SC to examine practice of excommunication in Dawoodi Bohra community
Sep 20, 2022
New Delhi [India], September 20 : A Constitution bench of the Supreme Court said it would hear on October 11 a plea against the practice of ex-communication in the Dawoodi Bohra community.
A bench headed by Justice Sanjay Kishan Kaul decided to examine whether the practice of ex-communication in the community can continue as a "protected practice" despite the Maharashtra Protection of People from Social Boycott (Prevention, Prohibition and Redressal) Act of 2016 has already come into force.
Solicitor General Tushar Mehta told the bench also comprising Justices Sanjiv Khanna, AS Oka, Vikram Nath and JK Maheshwari that the matter is related to religious freedoms and should be further referred to the bench which will hear the Sabarimala issue.
Senior advocate Fali Nariman appearing for one of the parties in the case said the questions posed in the case have become "moot" with the enforcement of the 2016 Act, which has repealed the Bombay Prevention of Excommunication Act of 1949.
"The 2016 Act provides a remedy to all victims of social boycotts. A complaint can be lodged with the nearest Magistrate in case of apprehension of a social boycott by a religious body. If any member of a community is subject to ostracisation, please file a complaint. Excommunication is not legally feasible now," said Nariman.
Senior advocate Siddharth Aggarwal, appearing for the petitioners, however, said that a general law on social boycott may not protect the Bohra community members facing ex-communication.

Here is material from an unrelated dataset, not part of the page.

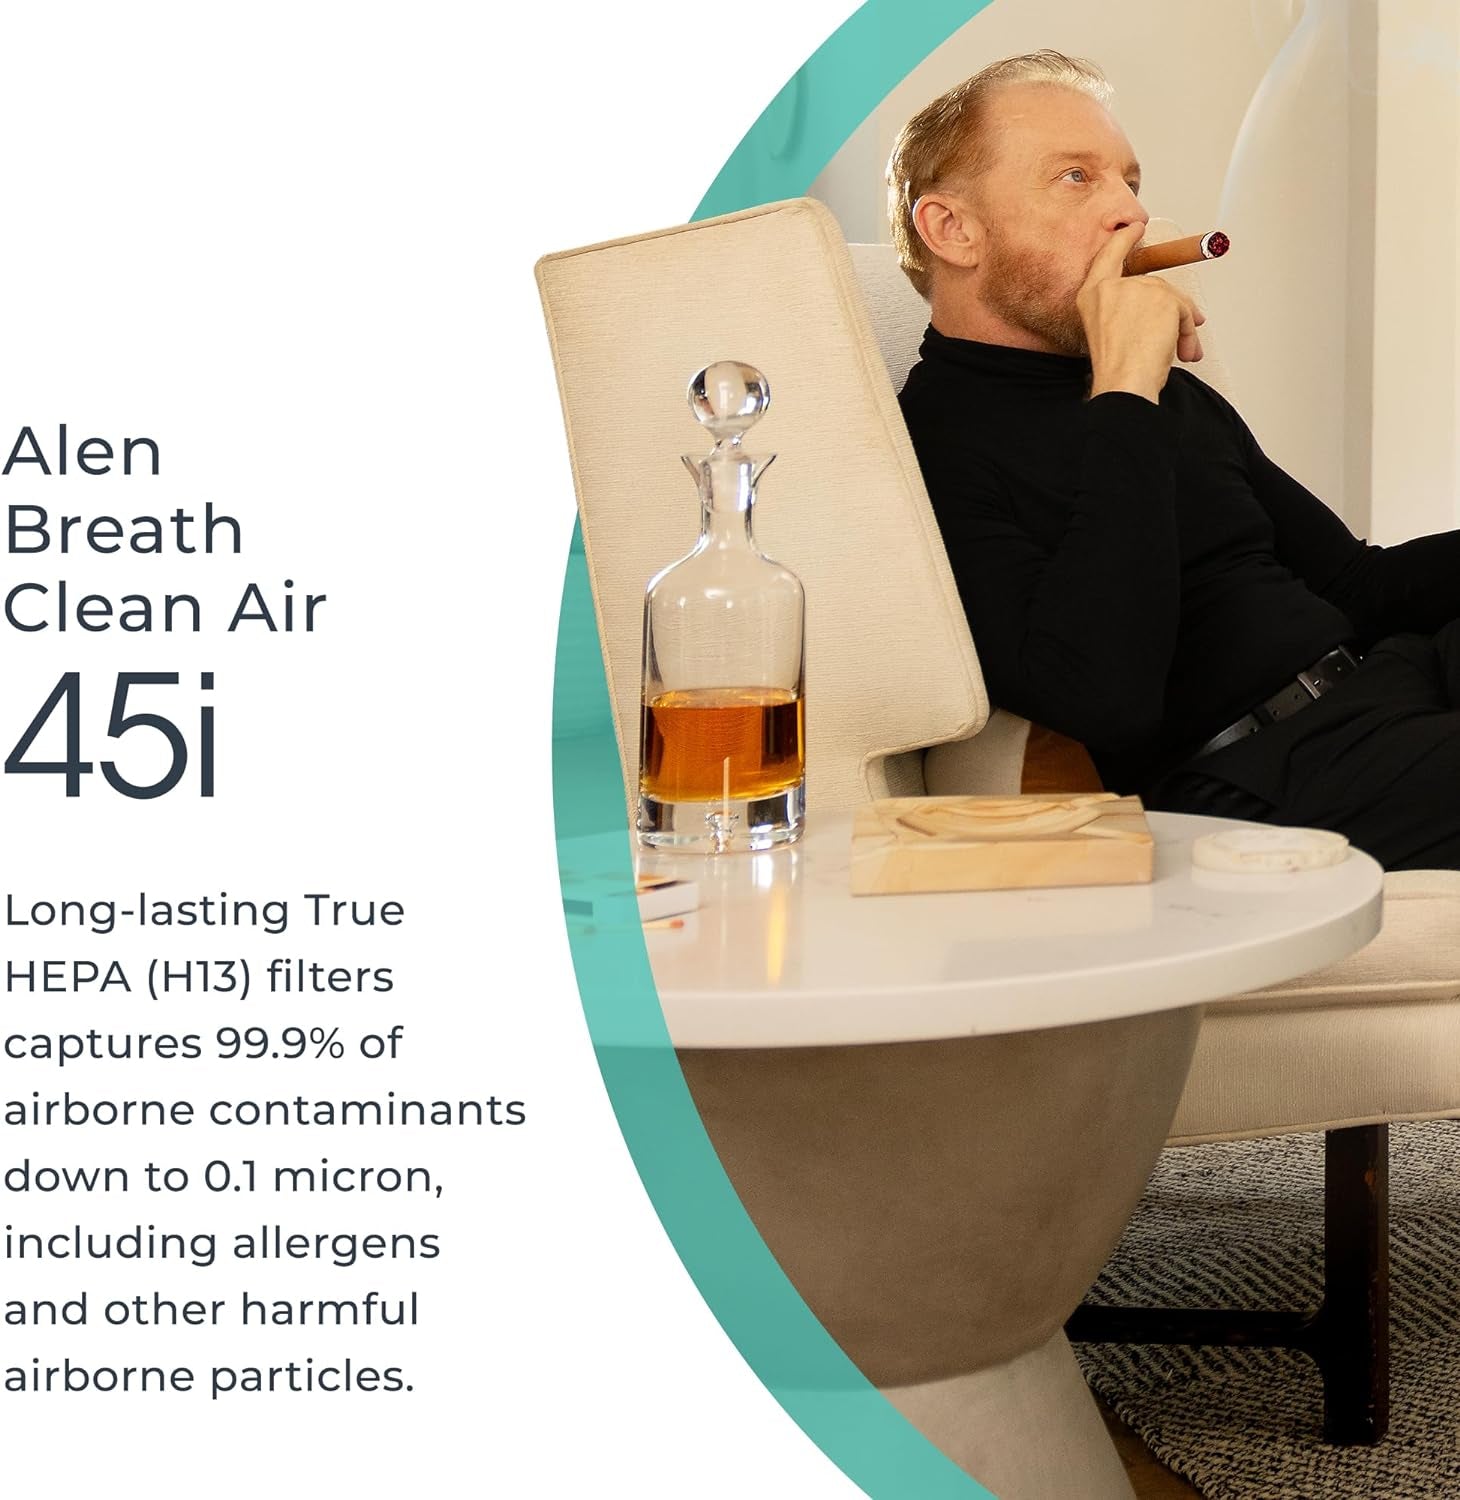 Air Purifier Breathesmart Flex HEPA W/ Voc/Smoke Filter - 1400 Sq. Ft - Perfect for Bedrooms - Captures Allergens, Dust, & Mold + Vocs & Smoke

Aggarwal said that the 2016 Act was a Maharashtra law and the "practice may not be confined to Maharashtra".
The Constitution bench was a hearing case filed by the Central Board of Dawoodi Bohra Community in 1986 to re-consider and over-rule the 1962 judgment of another five-judge bench.
The 1962 judgment came on a challenge by Syedna Taher Saifuddin, the head of Dawoodi Bohra Community to Bombay Prevention of Excommunication Act, 1949 on the ground that the provisions of the Act infringe Articles 25 and 26 of the Constitution.
Syedna's contention was that the Act infringed upon his constitutional freedom of religion by curtailing his right, as the religious head, to discipline the community by casting out "errant" members.
The 60-year-old verdict of the Supreme Court had regarded ex-communication as a legitimate practice of a community that had to be protected under Article 26 of the Constitution, which grants individuals the freedom to manage religious affairs.
The Supreme Court had concluded that the 1949 Act was unconstitutional.
In 1949, in what was then Bombay Province (that included the states of Maharashtra and Gujarat), the State government passed the Bombay Prevention of Excommunication Act, 1949, with the objective to protect the civil, social, and religious rights of those excommunicated by their own communities.
In 2016, the Maharashtra Legislative Assembly passed the Act identifying 16 types of social ostracisation and made them illegal, punishing the perpetrators with imprisonment for upto three years. One among the 16 deals with the expulsion of a member of a community.